Sara Nelson shares her belief in “My Mother’s Body Image, My Self” that our obsessions about the size and shape and appearance of our bodies are often taught to us by our mothers–who may have been obsessed with their own bodies. She writes “I was not angry, at least not then—I loved my mother, I wanted to be close to her, and if that meant worrying, obsessing over how we both looked, how alike we were, well, to my mind that was okay. Our weight and body obsession was what connected us.”
Aimee Liu
“Dead Bone” is written by Aimee Liu who shares how she first became an anorexic, then an “exercise zealot” for whom physical suffering was a path to perfection. She writes “The more my body hurt, the more my willpower gloated. A war was underway, my physical constitution its battleground. Health was no more my real goal than cheap tea was the object of the American Revolution.” A series of disabling injuries at least teaches her a necessary lesson. “My body finally, definitively, forced the message over my perverse will: I could no longer afford the fallacy that pain would make me better.”
Ellen Sussman
 Ellen Sussman shares in her essay entitled “What I Gave Up” how at the excessive encouragement of her father she went from being a “killer tennis player” to being a compulsive competitive runner to the practice of yoga–each transition accompanied by the rupture of a spinal disk.
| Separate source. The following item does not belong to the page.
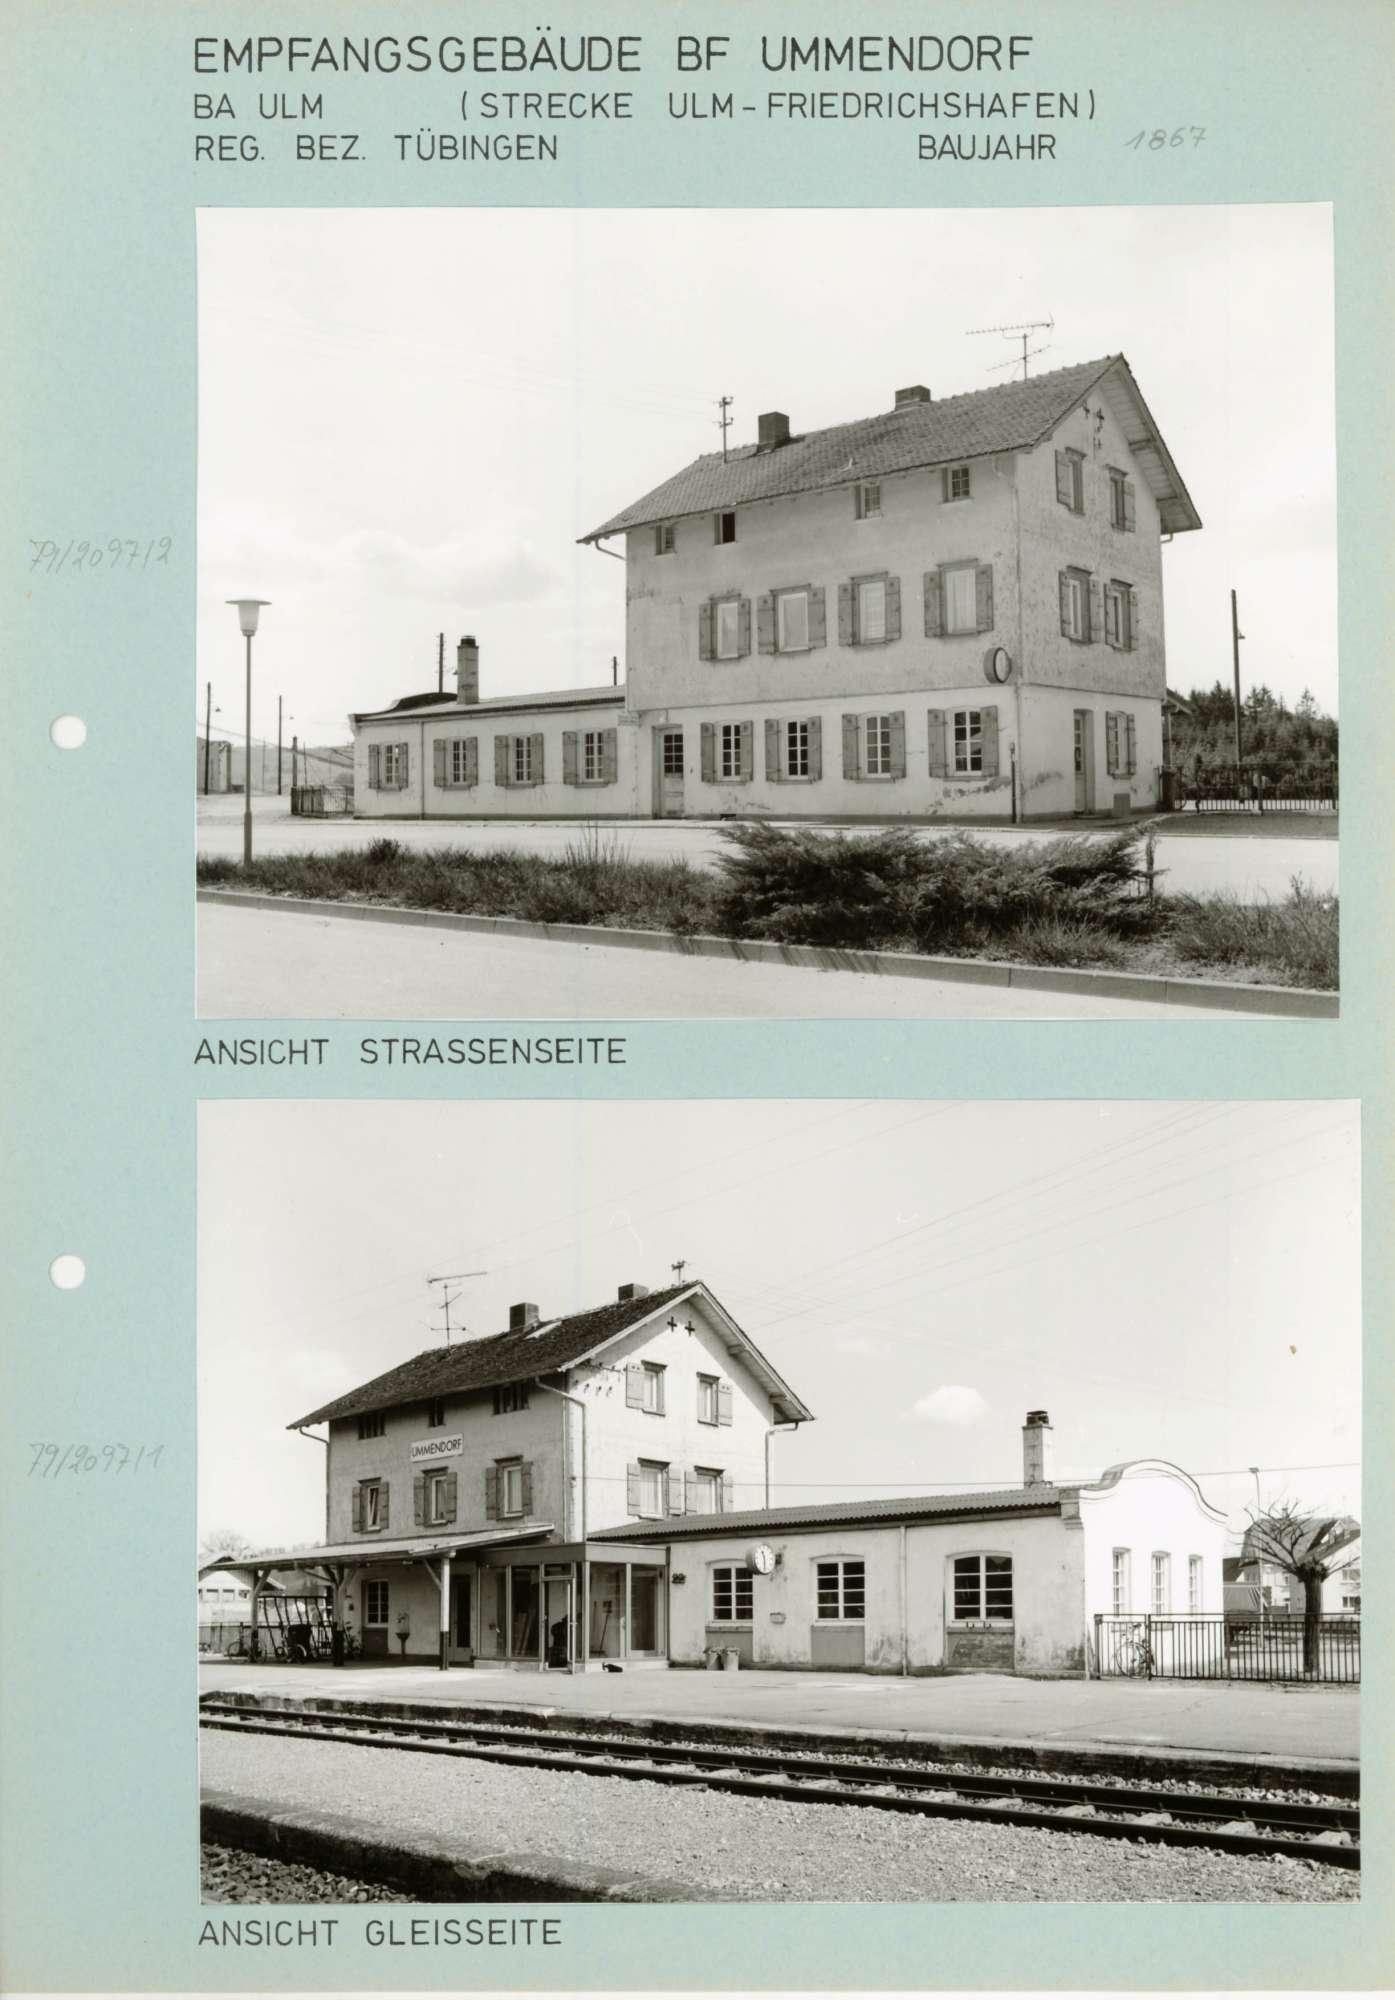 Ummendorf: 6 Fotos, Bild 3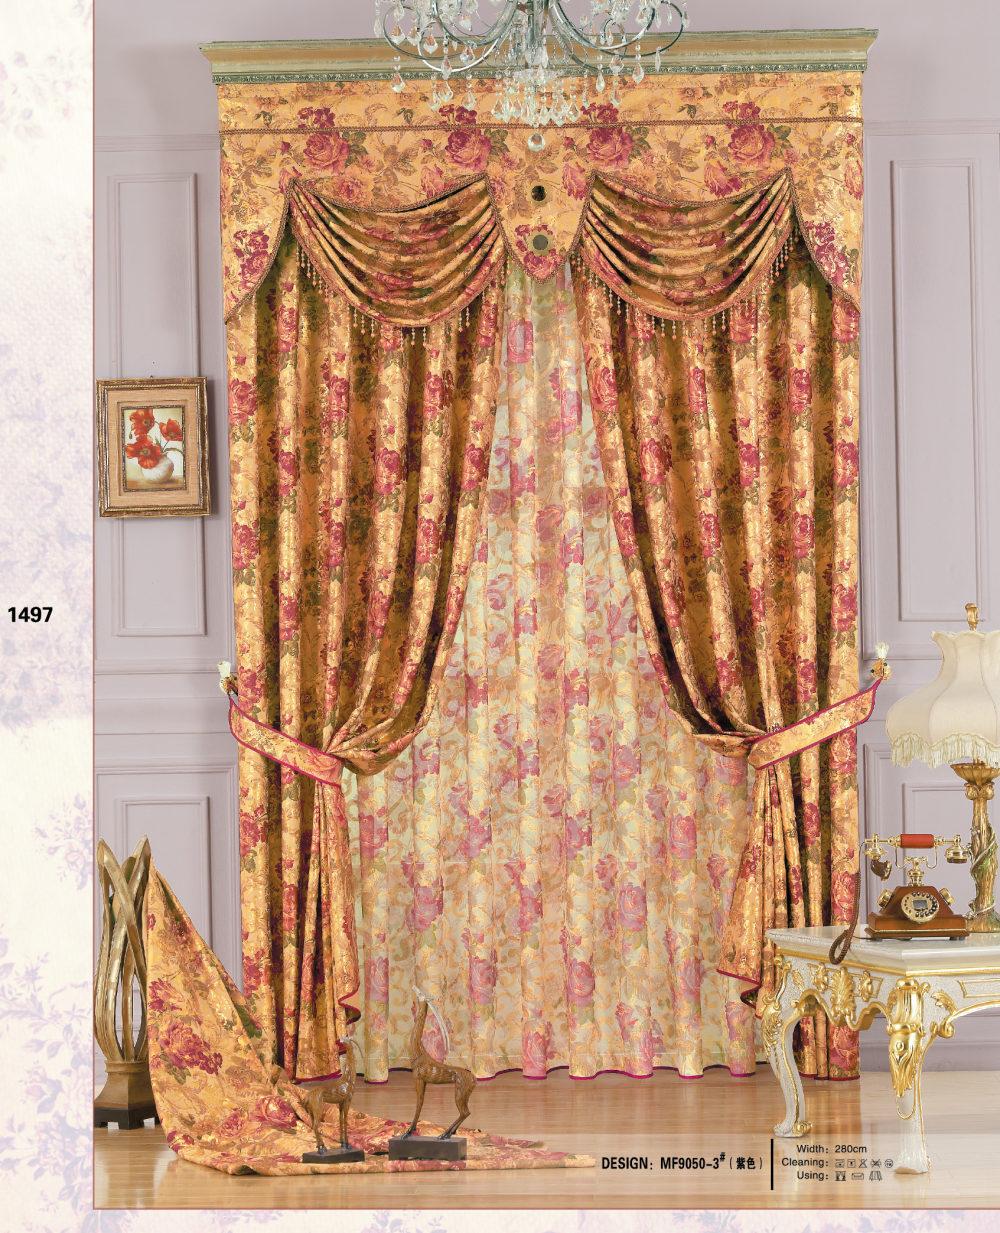 Aiden 收藏窗帘图片高清图(用方案里很清晰。)免费~_9.jpg

Now facing her third spinal fusion, Sussman can say, “What I hope for is this: that I can live in this body without pain; that I can use it as well as I’m able to; and that my mind can accept these changes with the grace of an athlete.”
“It’s a new experience, living in a body that feels old,” writes Joy Price in “Making Love and Joy in Seasoned Bodies.” “My body surprises me every day: What parts will and won’t work today?” She also shares fun tales about taking on a sixty-three-year-old lover when she is fifty-seven. “How joyful and thrilling it was to cascade into love and exhilarating sex at our age! We were as giddy and frisky as a couple of teenagers but with the added richness of decades of experience and self-knowledge. In fact, it was, and continues to be, the best sex I have ever experienced.”

Do you struggle with self-acceptance?  Acceptance of your body?
Do you think that your views and thoughts about yourself have been affected by your mother or the media?

What is beauty to you?
Who or what has most defined for you how you view beauty? 
Do you still want to embrace this definition?  Or do you want to create your own?

Do you find that your happiness is connected to your appearance?

What do you love about yourself?

What do you love best about your body?
Do you believe that you are beautiful? Why or why not?



The Self-Worth Project

Photographer Tommy Corey

www.facebook.com/selfworthproject

“The Self-Worth Project is a photo documentation of people expressing their deepest and most vulnerable fears and insecurities.  Through this project and our insecuritites, we hope to bring people together by showing you that YOU ARE NOT ALONE.”

“We are all human, we all have insecurities, and through those we can start to form an understanding of one another, despite our race, gender, orientations, backgrounds and affiliations.”
 
“Specifically, the Self-Worth Project looks to open up conversations with young people about the increasingly hostile environment in schools today. Whether young people have felt bullied, ostracized, or ridiculed, SWP would like to recognize that this kind of derisive—and sometimes violent—behavior amongst youth is a growing problem. And while ending bullying would be ideal, the important message of finding help, feeling supported, and not being alone is imperative.”